3. Question the Family Narrative
Families have an official story: "We treated you all the same." Questioning that narrative is not attacking the family: it is seeking the truth. You can do it internally or, if it is safe, with your parents or siblings. Tools like the AI on LetsShine.app allow you to explore these narratives in a judgment-free space, doing emotional archaeology of your family patterns.
4. Build Your Own Sense of Worth
If you grew up feeling you were not enough, your work as an adult is to demonstrate — to yourself, not to your parents — that you are. This is not achieved through external achievements but through internal self-compassion: treating yourself with the care you did not receive. Dr. Kristin Neff's research on self-compassion provides evidence-based practices for this healing process.
5. Talk to Your Sibling (If Possible)
An honest conversation with the favoured sibling can be profoundly restorative: "I always felt that Mum loved you more. I don't blame you, but I need you to know how it affected me." That mutual acknowledgment can transform the relationship.
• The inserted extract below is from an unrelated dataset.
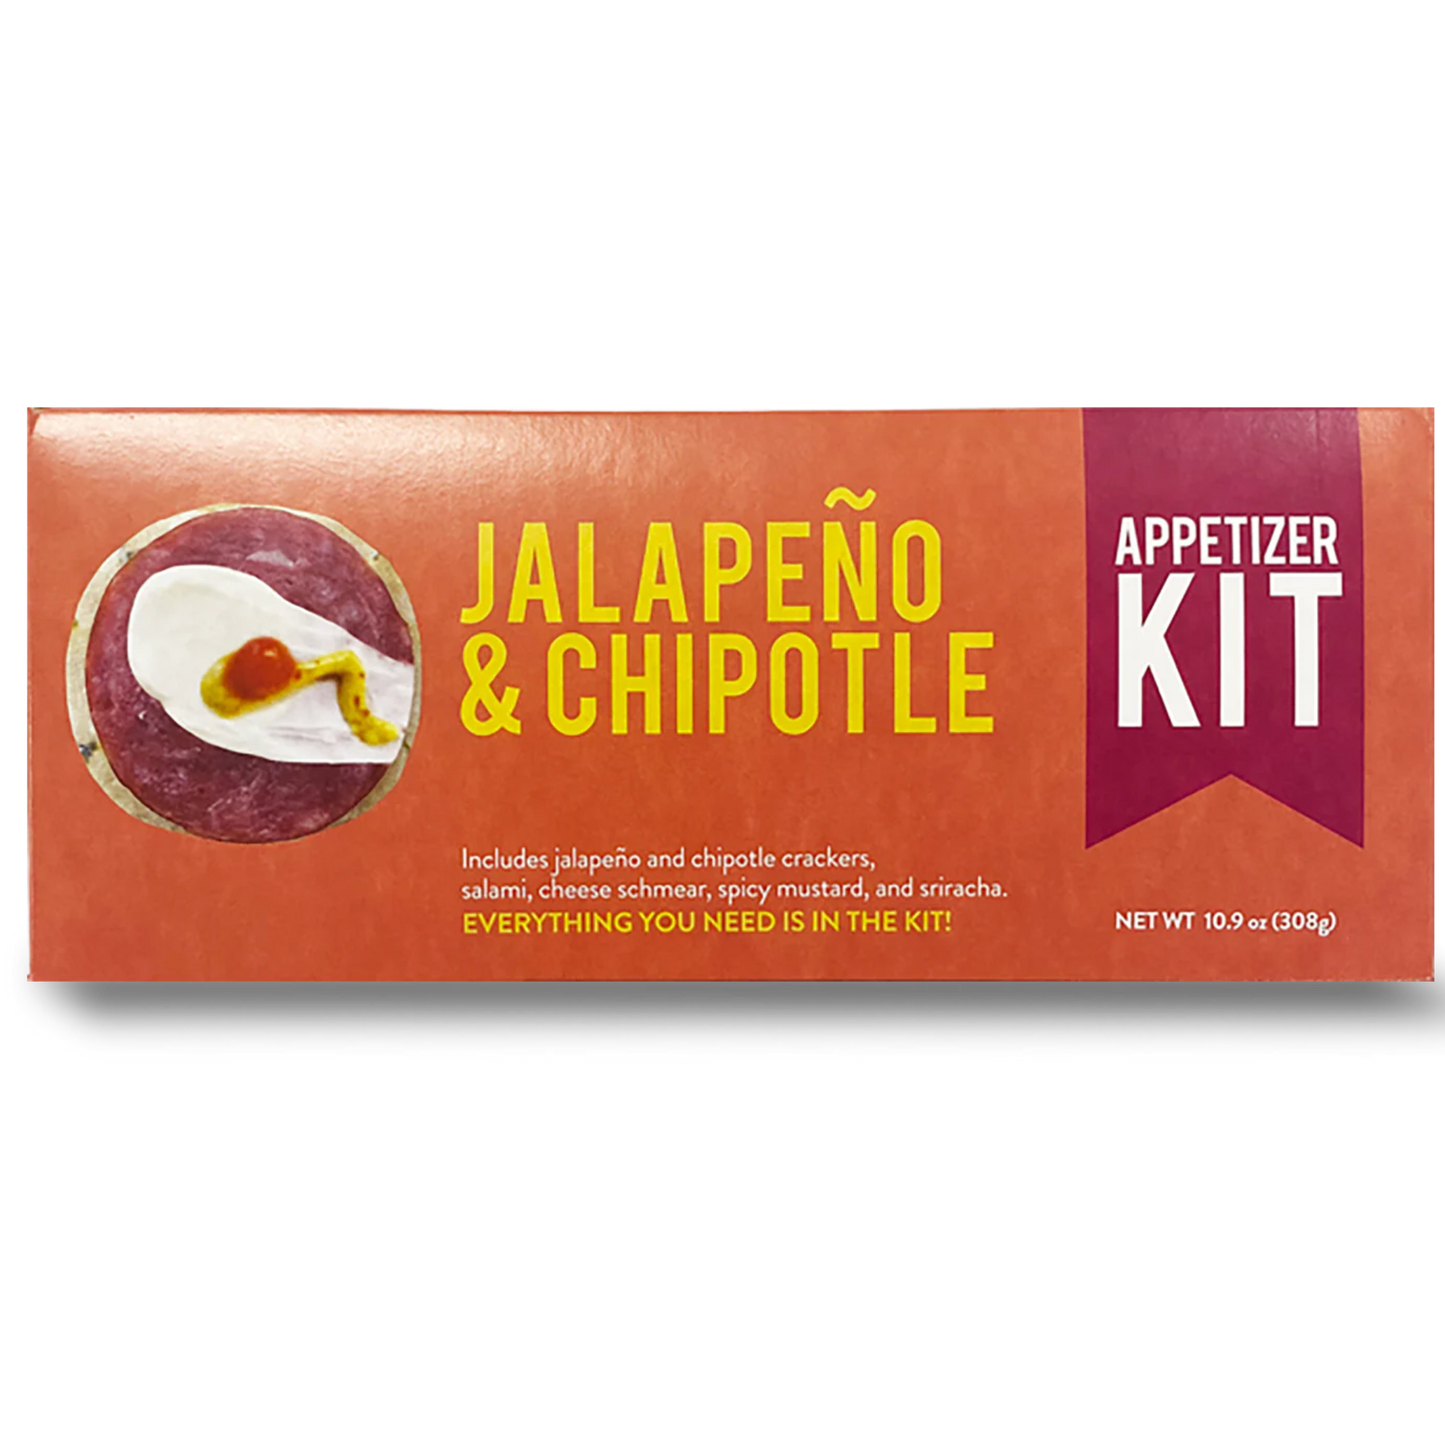 Jalapeño & Chipotle Appetizer Kit

Can Parents Correct Favoritism?
Yes, but it requires radical honesty. Parents who acknowledge — at least to themselves — that they have a favourite can take conscious steps: dedicating individual time to each child, validating each one's unique qualities, and avoiding comparisons. It is not about loving everyone the same (that is impossible), but about treating everyone with equity.
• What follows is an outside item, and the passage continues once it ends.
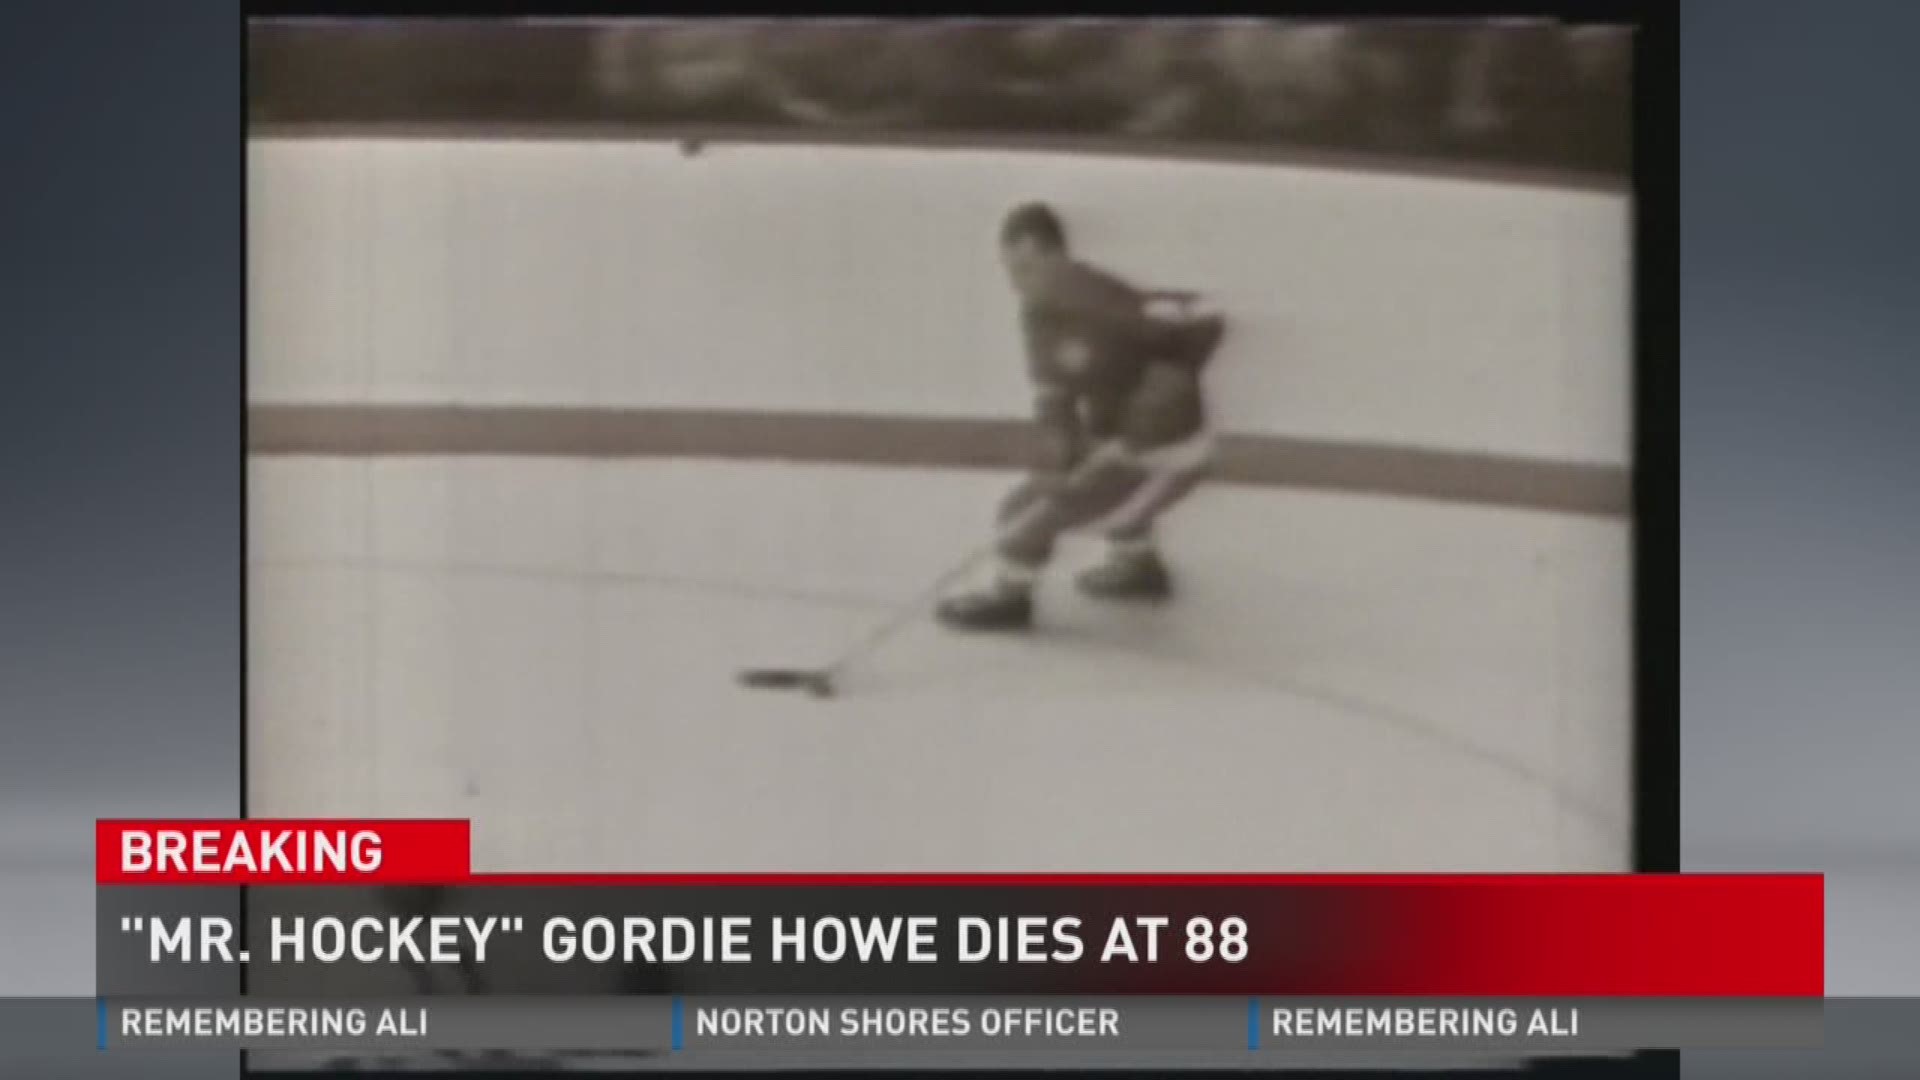 Mr. Hockey Gordie Howe dies at 88

Frequently Asked Questions
Is it normal for parents to have a favourite child?
Yes. Research shows that the majority of parents have a preference for one child, though they rarely admit it. What matters is not that the preference exists, but that it does not translate into unequal treatment.
Is the favourite always the oldest?
Not necessarily. Favoritism can fall on any child: the one who most resembles the parent, the one with the easiest temperament, the one who meets family expectations, or paradoxically, the one who causes the most problems (because they absorb all the attention).
Can I talk to my parents about favoritism?
You can, but prepare for denial. Most parents deny favoritism because acknowledging it generates guilt. If you decide to speak, use first-person statements: "I felt less valued" rather than "You always preferred Sarah."
How does favoritism affect the sibling relationship in adulthood?
Profoundly. The non-favoured sibling may harbour chronic resentment toward the favoured one, making the relationship difficult. Unresolved favoritism is one of the main causes of adult sibling estrangement and inheritance conflicts.
Can I overcome the favoritism wound without therapy?
It is possible, but harder. Therapy (or self-exploration tools like the AI on LetsShine.app) offers a safe space to process emotions that have been buried for decades. What is not processed is repeated: if we do not heal the favoritism wound, we are likely to replicate it — unconsciously — with our own children.